Benchmarking code, for your reference. The line at the bottom measures a function written in numpandas, a style of Pandas that mixes heavily with NumPy to squeeze out maximum performance. Writing numpandas code should be avoided unless you know what you’re doing. Stick to the API where you can (i.e., prefer vec over vec_numpy).

I should mention, however, that it isn’t always this cut and dry. Sometimes the answer to “what is the best method for an operation” is “it depends on your data”. My advice is to test out different approaches on your data before settling on one.


My Personal Opinion *

Most of the analyses performed on the various alternatives to the iter family has been through the lens of performance. However, in most situations you will typically be working on a reasonably sized dataset (nothing beyond a few thousand or 100K rows) and performance will come second to simplicity/readability of the solution.

Here is my personal preference when selecting a method to use for a problem.

For the novice:

Vectorization (when possible); apply(); List Comprehensions; itertuples()/iteritems(); iterrows(); Cython

For the more experienced:

Vectorization (when possible); apply(); List Comprehensions; Cython; itertuples()/iteritems(); iterrows()

Vectorization prevails as the most idiomatic method for any problem that can be vectorized. Always seek to vectorize! When in doubt, consult the docs, or look on Stack Overflow for an existing question on your particular task.

I do tend to go on about how bad apply is in a lot of my posts, but I do concede it is easier for a beginner to wrap their head around what it’s doing. Additionally, there are quite a few use cases for apply has explained in this post of mine.

Cython ranks lower down on the list because it takes more time and effort to pull off correctly. You will usually never need to write code with pandas that demands this level of performance that even a list comprehension cannot satisfy.

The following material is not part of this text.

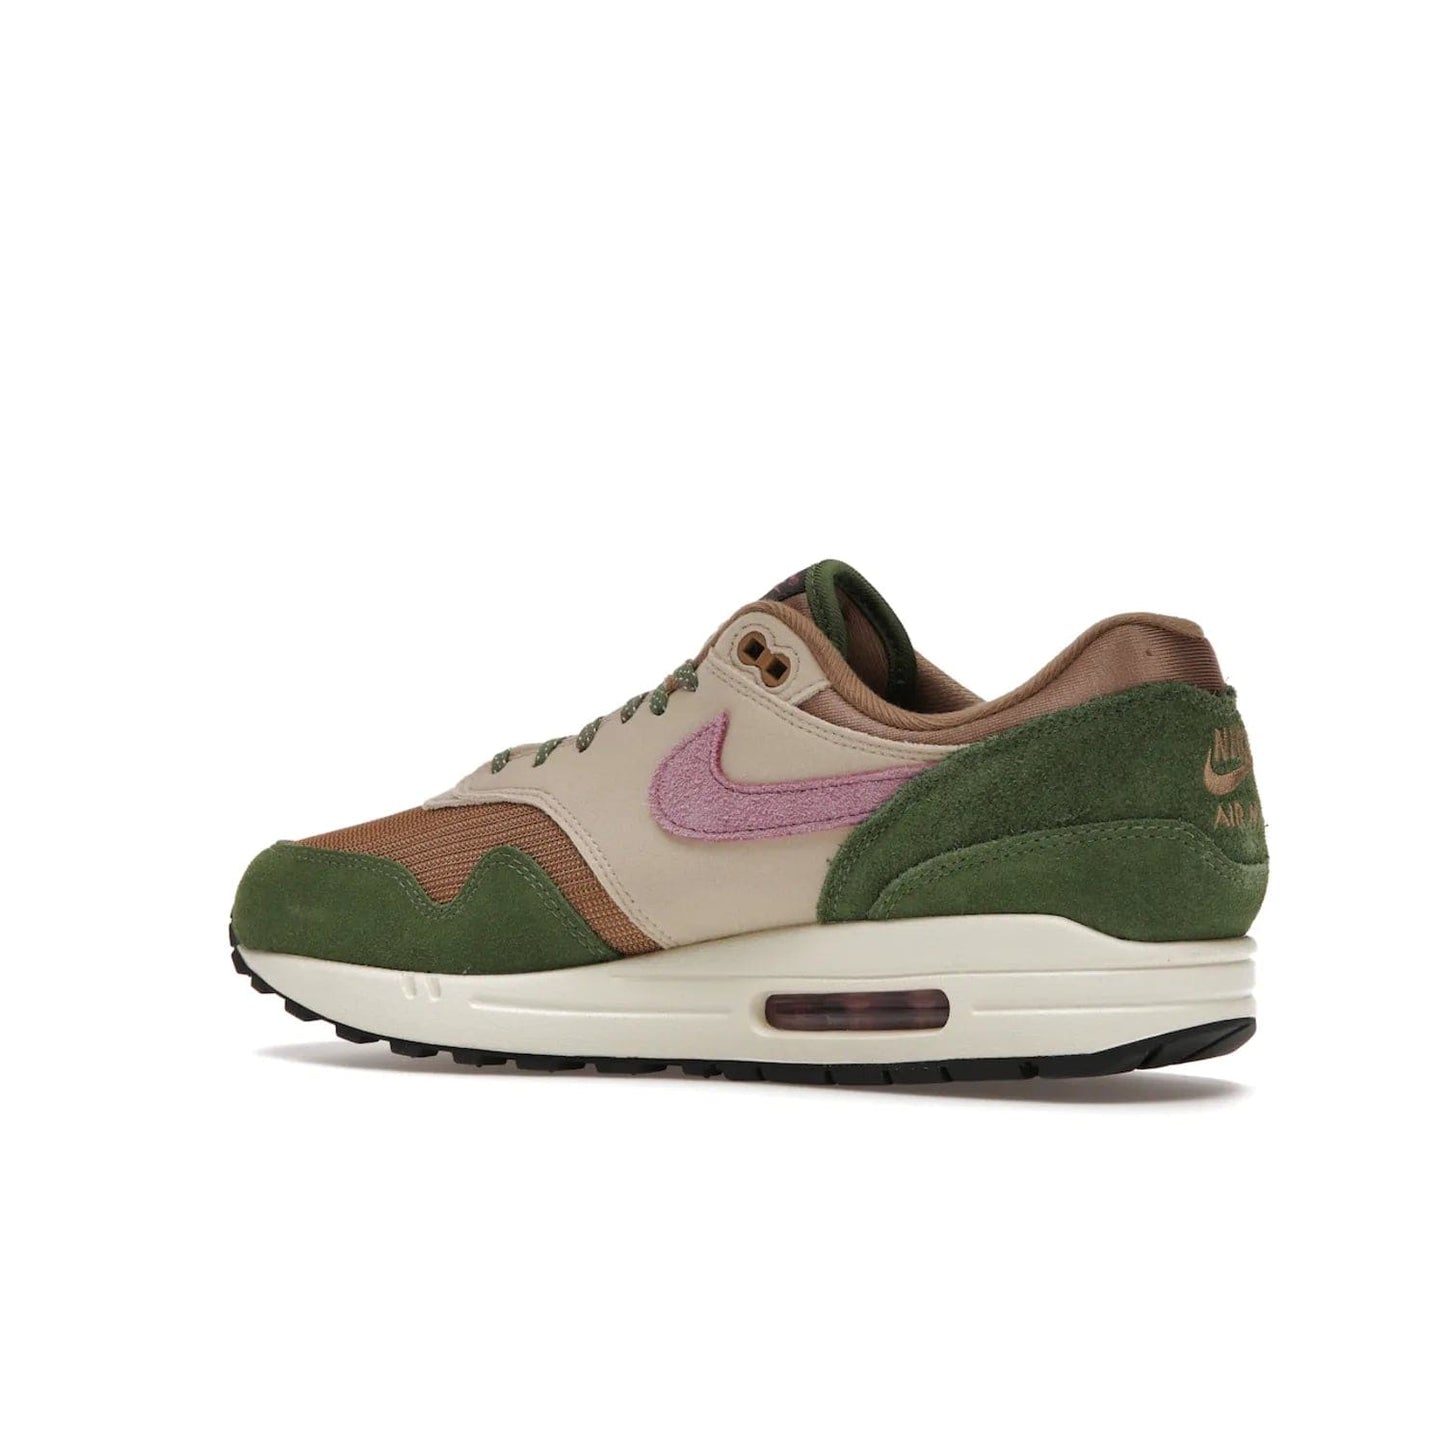 Nike Air Max 1 SH Treeline - Image 22 - Only at www.BallersClubKickz.com - A classic Nike Air Max 1 SH Treeline with a brown mesh upper, taupe Durabuck overlays, and hairy green suede details. Light Bordeaux Swoosh and woven tongue label for a pop of color. Released in May 2022. Perfect for any outfit and sure to impress.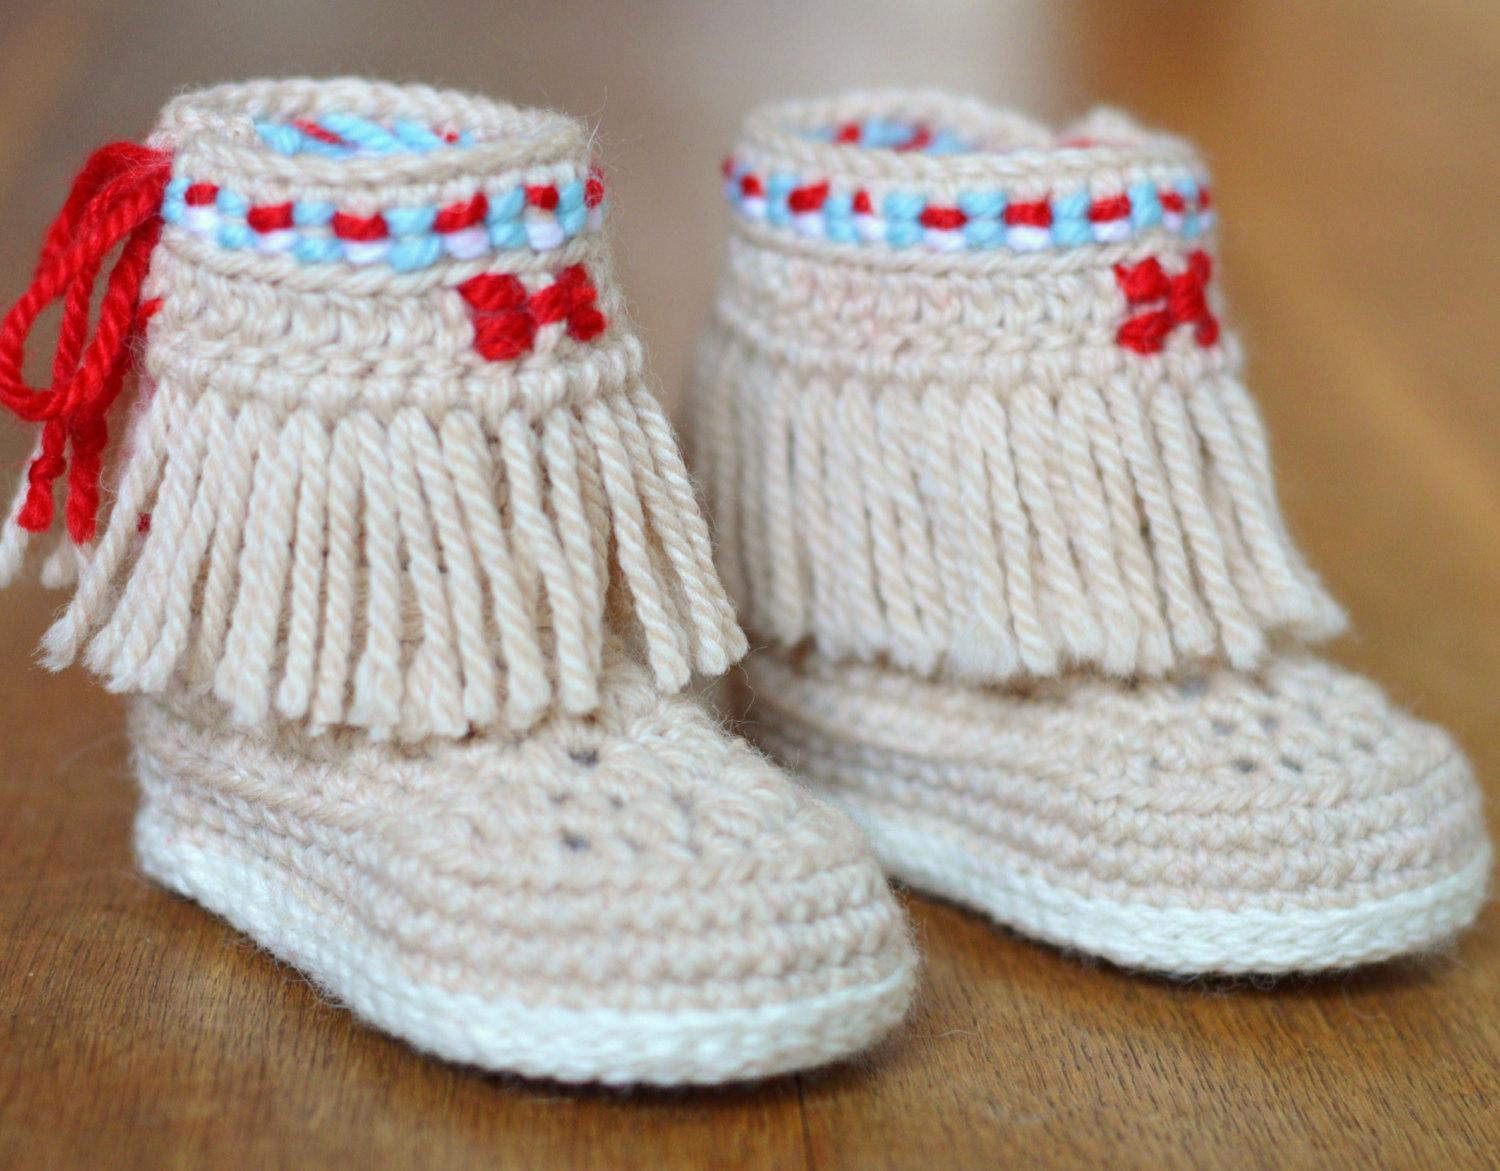 Moccasin Crochet Pattern Crochet Pattern Ba Moccasin Booties With Fringes Sizes 3 6 Etsy

* As with any personal opinion, please take with heaps of salt!


Further Reading

* Pandas string methods are “vectorized” in the sense that they are specified on the series but operate on each element. The underlying mechanisms are still iterative, because string operations are inherently hard to vectorize.


Why I Wrote this Answer

A common trend I notice from new users is to ask questions of the form “How can I iterate over my df to do X?”. Showing code that calls iterrows() while doing something inside a for loop. Here is why. A new user to the library who has not been introduced to the concept of vectorization will likely envision the code that solves their problem as iterating over their data to do something. Not knowing how to iterate over a DataFrame, the first thing they do is Google it and end up here, at this question. They then see the accepted answer telling them how to, and they close their eyes and run this code without ever first questioning if iteration is the right thing to do.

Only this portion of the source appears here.